Raw data =>
------------------------------------------------------------------------

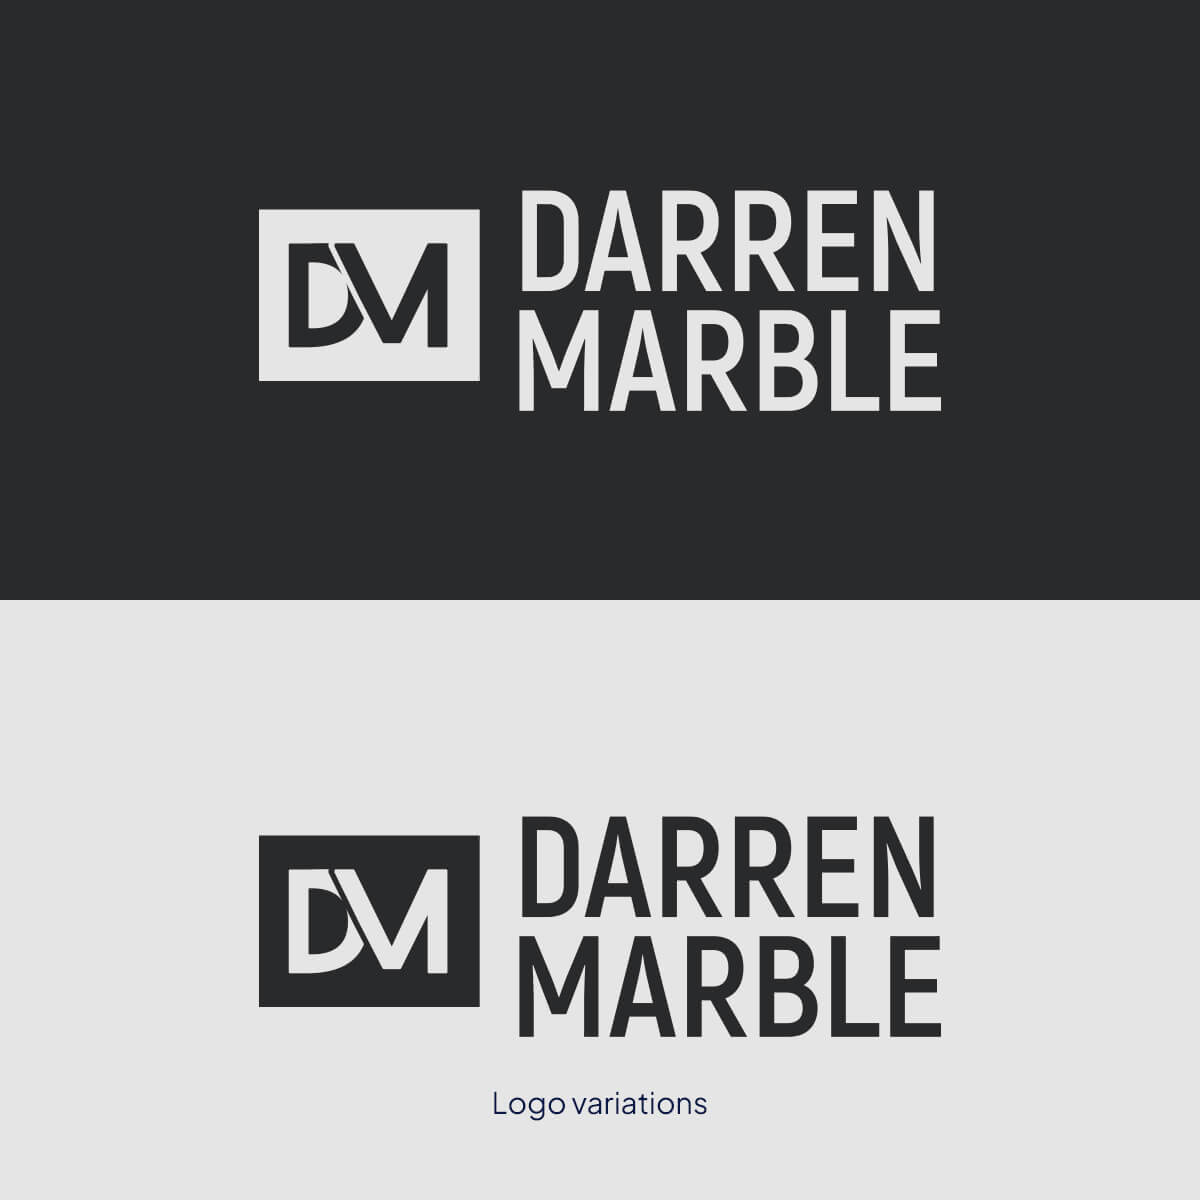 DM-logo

------------------------------------------------------------------------

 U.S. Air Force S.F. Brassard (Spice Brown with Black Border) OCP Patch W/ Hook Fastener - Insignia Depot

------------------------------------------------------------------------

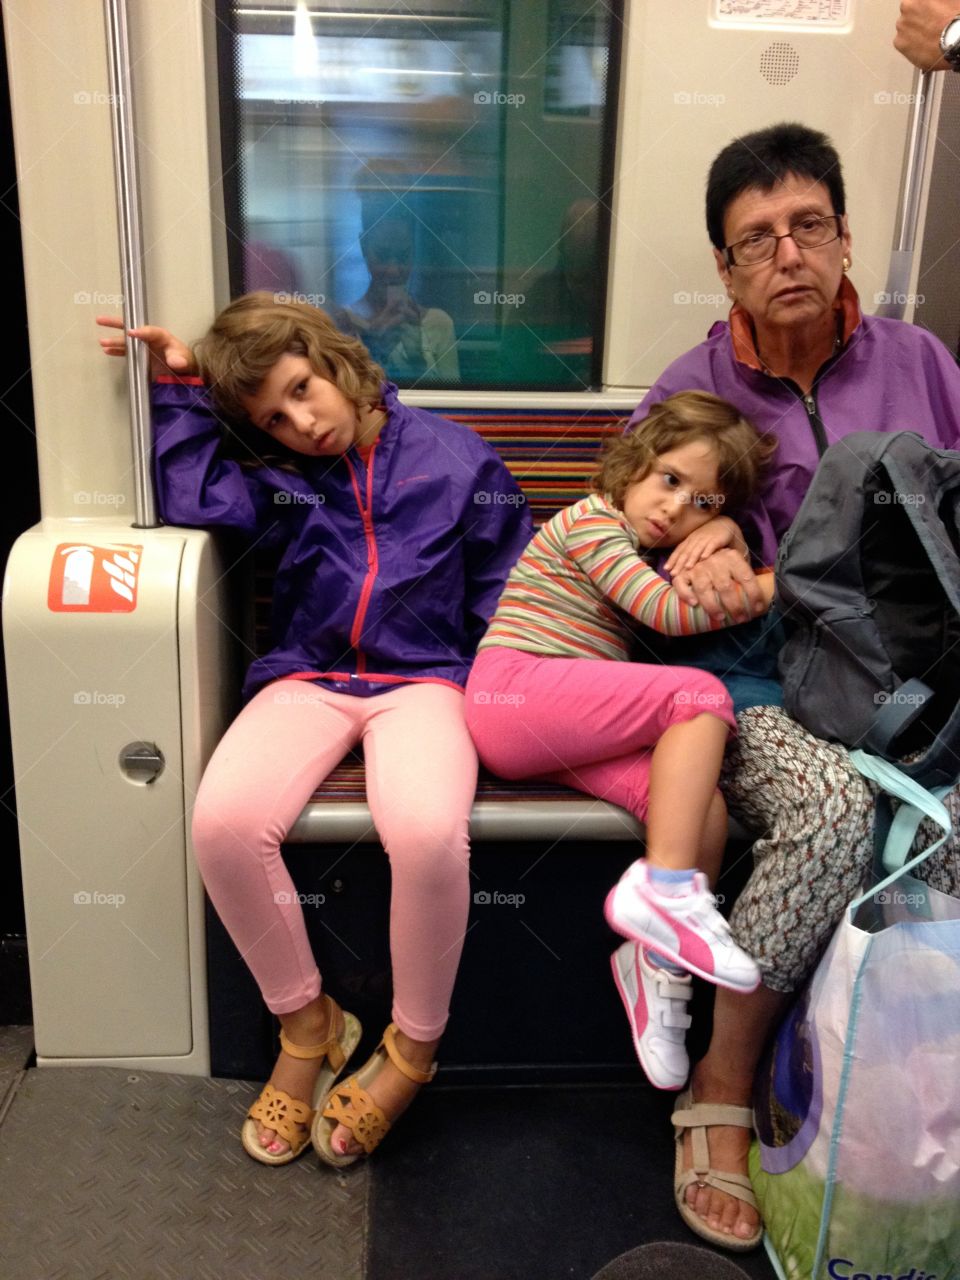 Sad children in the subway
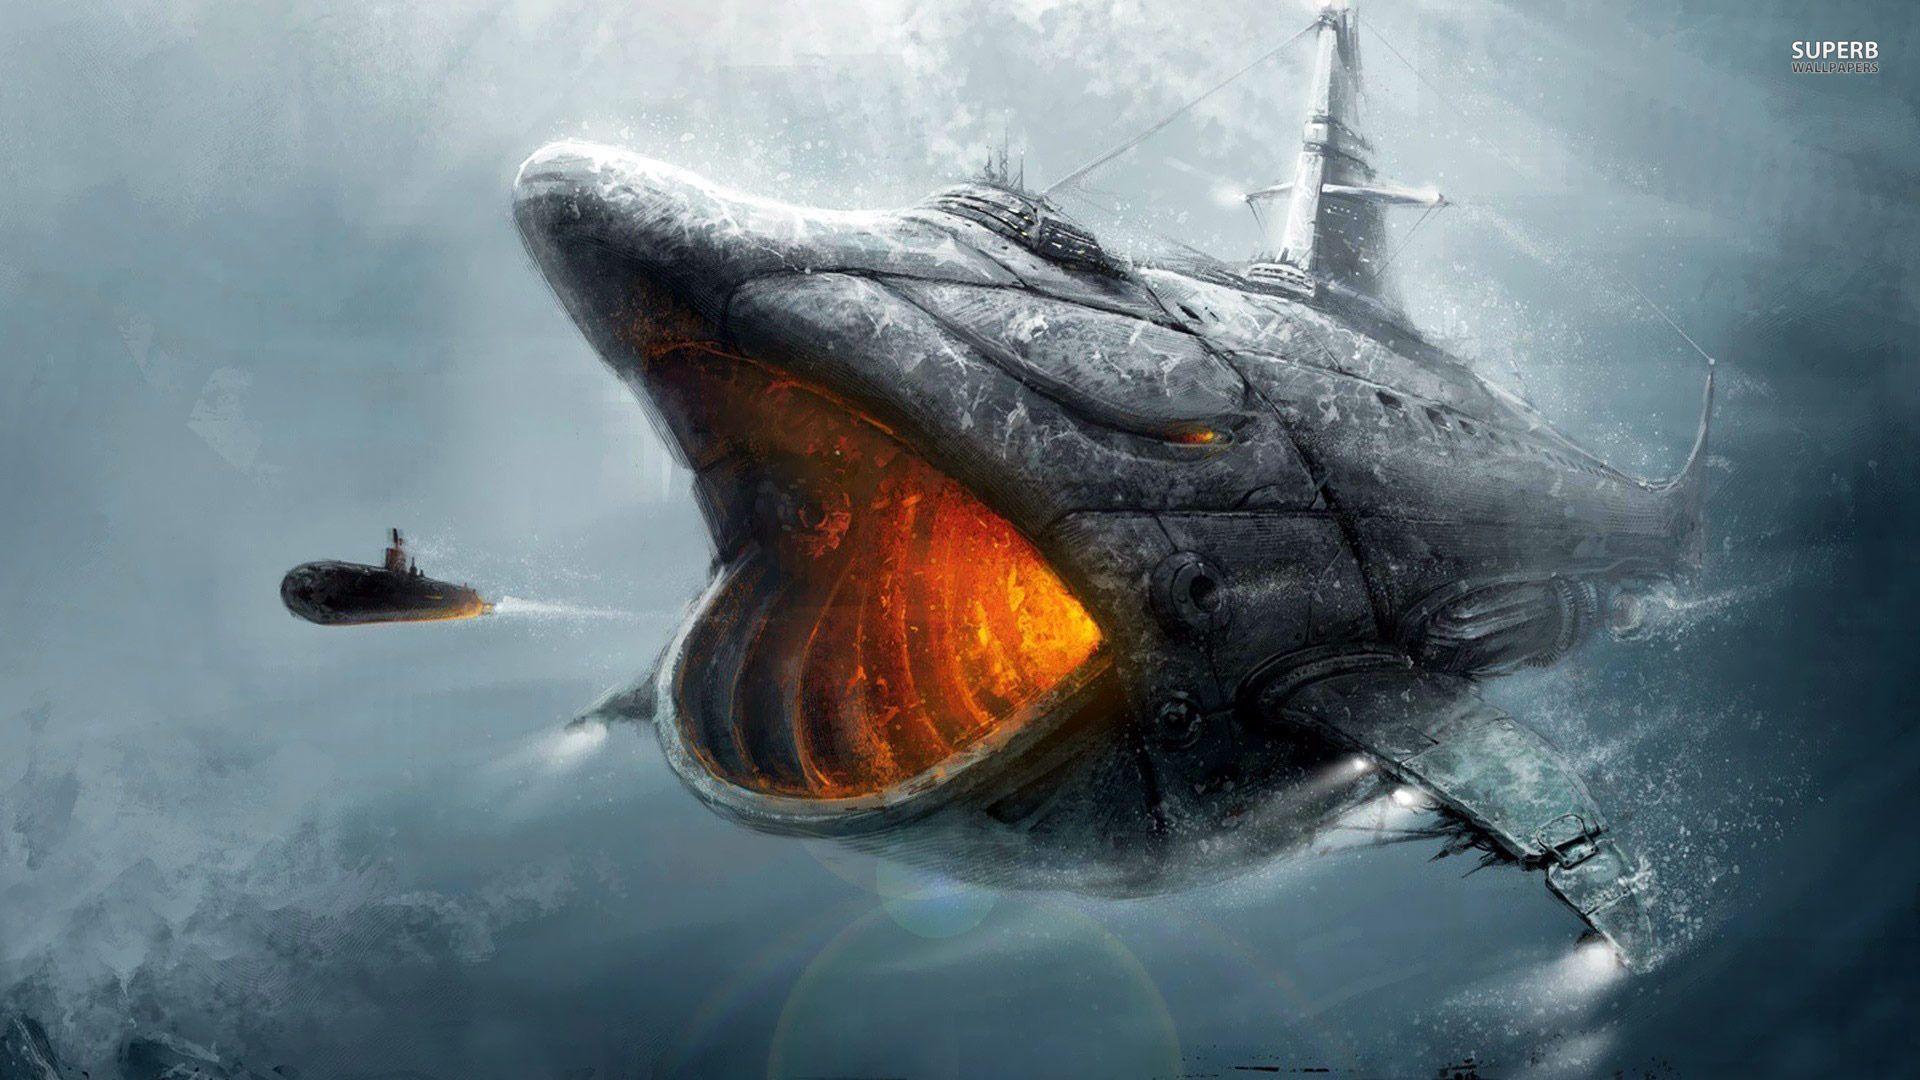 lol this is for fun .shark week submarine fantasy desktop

------------------------------------------------------------------------

Task brief => Output exactly the lines of the listing above that start with the one holding "Sad children in the subway" and go on through the one holding "lol this is"; leave the pictures out.

Finished task =>
 Sad children in the subway
 lol this is for fun .shark week submarine fantasy desktop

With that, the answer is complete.